Feep! » Blog » Post

The ingestion pipeline

I've built a data processing system for working with streams of pages; it seems like it's pretty solid now so let's take a look at how it works.

(Note: this post is backdated; it was written Jan 17, 2022.)

The purpose of this system is to get pages from a datasource, process them in various ways, and pass each page through to an "ingestor" which will consume them, for example to put them into ElasticSearch. Before I built this system, I was shuffling this data around with shell pipelines, which has several disadvantages:

The ingestion system introduces "processors" in the middle to take care of matching what the source provides to what the ingestor needs. Overall, it looks like this:

flowchart LR subgraph processors end A(source) --> processors --> B(ingestor) style processors fill:#ffffde,stroke:#aaaa33,stroke-width:1px

A source has a simple signature, consisting of an async function*() which will yield an object for each page, and a list of keys that each object will contain:

module.exports = {
	source: async function*(...args) {
		yield* pages
	},
	returns: ['url', 'title', 'body_html'],
}

An ingestor has a similar signature, a function which iterates over each object and a list of keys the object must contain:

module.exports = {
	ingest: async function (source) {
		for await (const page of source) {
			// Do things
		}
	},
	requires: ['url', 'links'],
}

The complicated bit is figuring out how to wire them together, to get from returns to requires. This is done by “processors” (currently one for each key), which define a function for adding the key to the object, and also have dependencies of their own:

// process/body_qdom.js
const parse_html = require('node-html-parser')

module.exports = {
	requires: ['body_html'],
	run: page => {
		page.body_qdom = parse_html.parse(page.body_html, {pre: true})
	},
}

Together, these form a directed graph which currently looks something like this:

flowchart LR U([url]) --> id{{id}} H([body_html]) --> Q{{body_qdom}} Q --> T{{body_text}} Q --> L{{links}}

It's not much of a DAG, but there it is. I expect there will be more entries in the future.

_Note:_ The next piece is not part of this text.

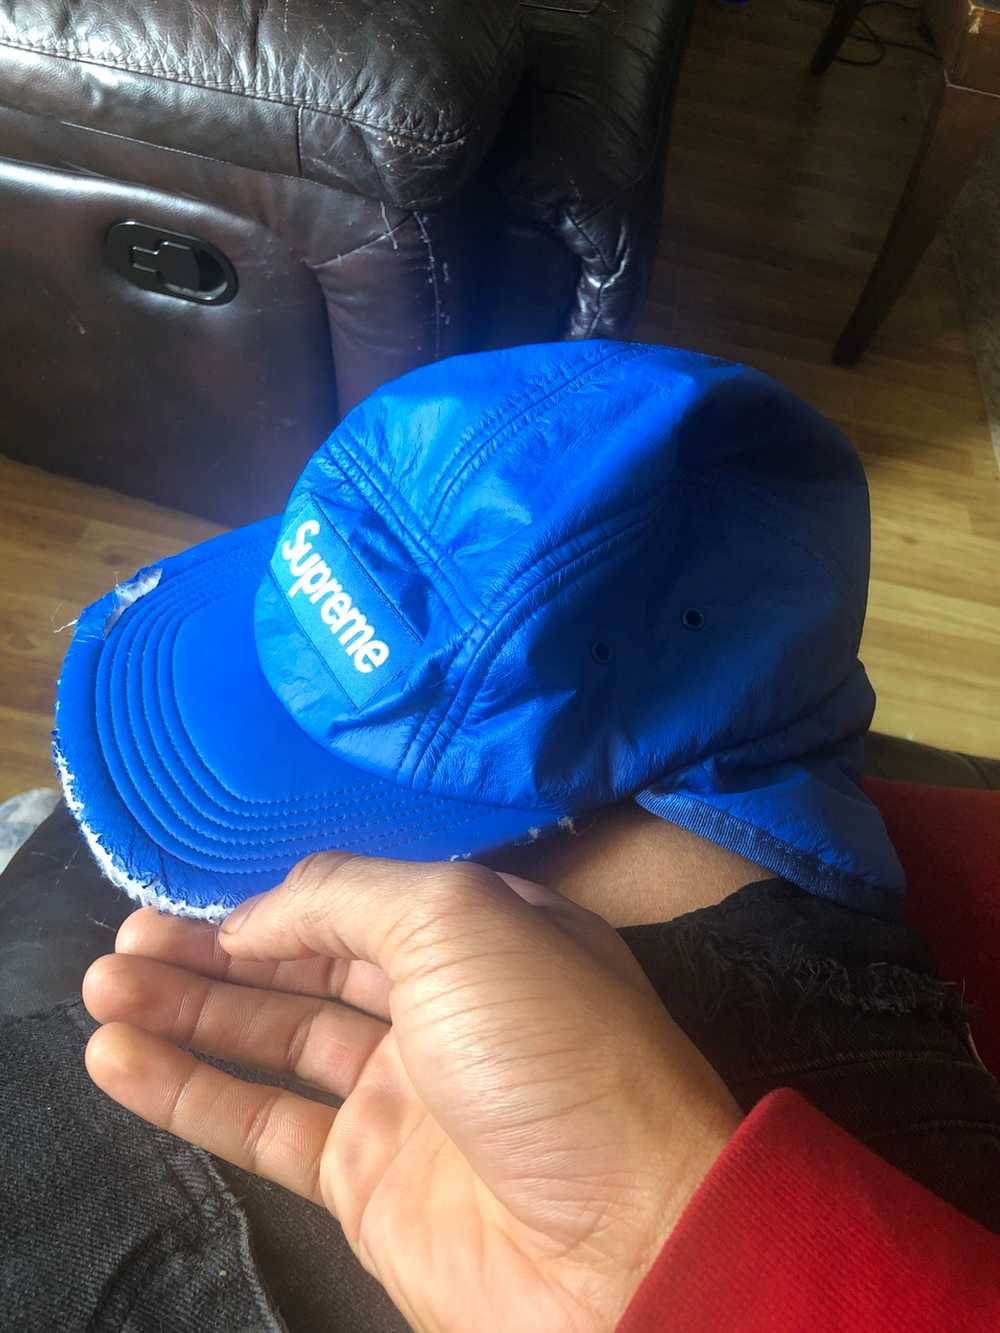 Supreme Blue Hats for Men

Anyway, however trivial it is, I still want to have this figured out for me. Here's the code that wires everything together:

const processors = []
const have = input.returns
function resolve_reqs(proc) {
	for (const req of proc.requires) {
		if (!have.includes(req)) {
			const proc = require('./process/'+req)
			resolve_reqs(proc)
			have.push(req)
			processors.push(proc)
		}
	}
}
resolve_reqs(output)

const iterutil = require('./util/iterutil')

async function run() {
	await iterutil.chain(
		input.source(...input_args),
		_ => iterutil.tap(_, v => processors.forEach(p => p.run(v))),
		_ => output.ingest(_, ...output_args),
	)
}

run().then(null, e => {throw e})

This code works backwards from the requirements, adding new processors until all dependencies have been fulfilled. (It's a very simple topological sort.) Once it's figured out what order it needs to run them all in, it threads them together with a utility called iterutil.chain that takes an iterator and passes each object through a series of steps. (This collection of utilities has proven very useful, I should consider publishing it.)

Combining this with the diagrams above, the result might look something like this:

flowchart LR subgraph processors direction LR U([url]) ---> id{{id}} H([body_html]) --> Q{{body_qdom}} Q --> T{{body_text}} end A(stackexchange) --> processors --> B(elastic) style processors fill:#ffffde,stroke:#aaaa33,stroke-width:1px

It feels a bit like a self-assembling LEGO set. I just write out whichever task I want done, and so long as all the pieces are there they snap themselves together automatically.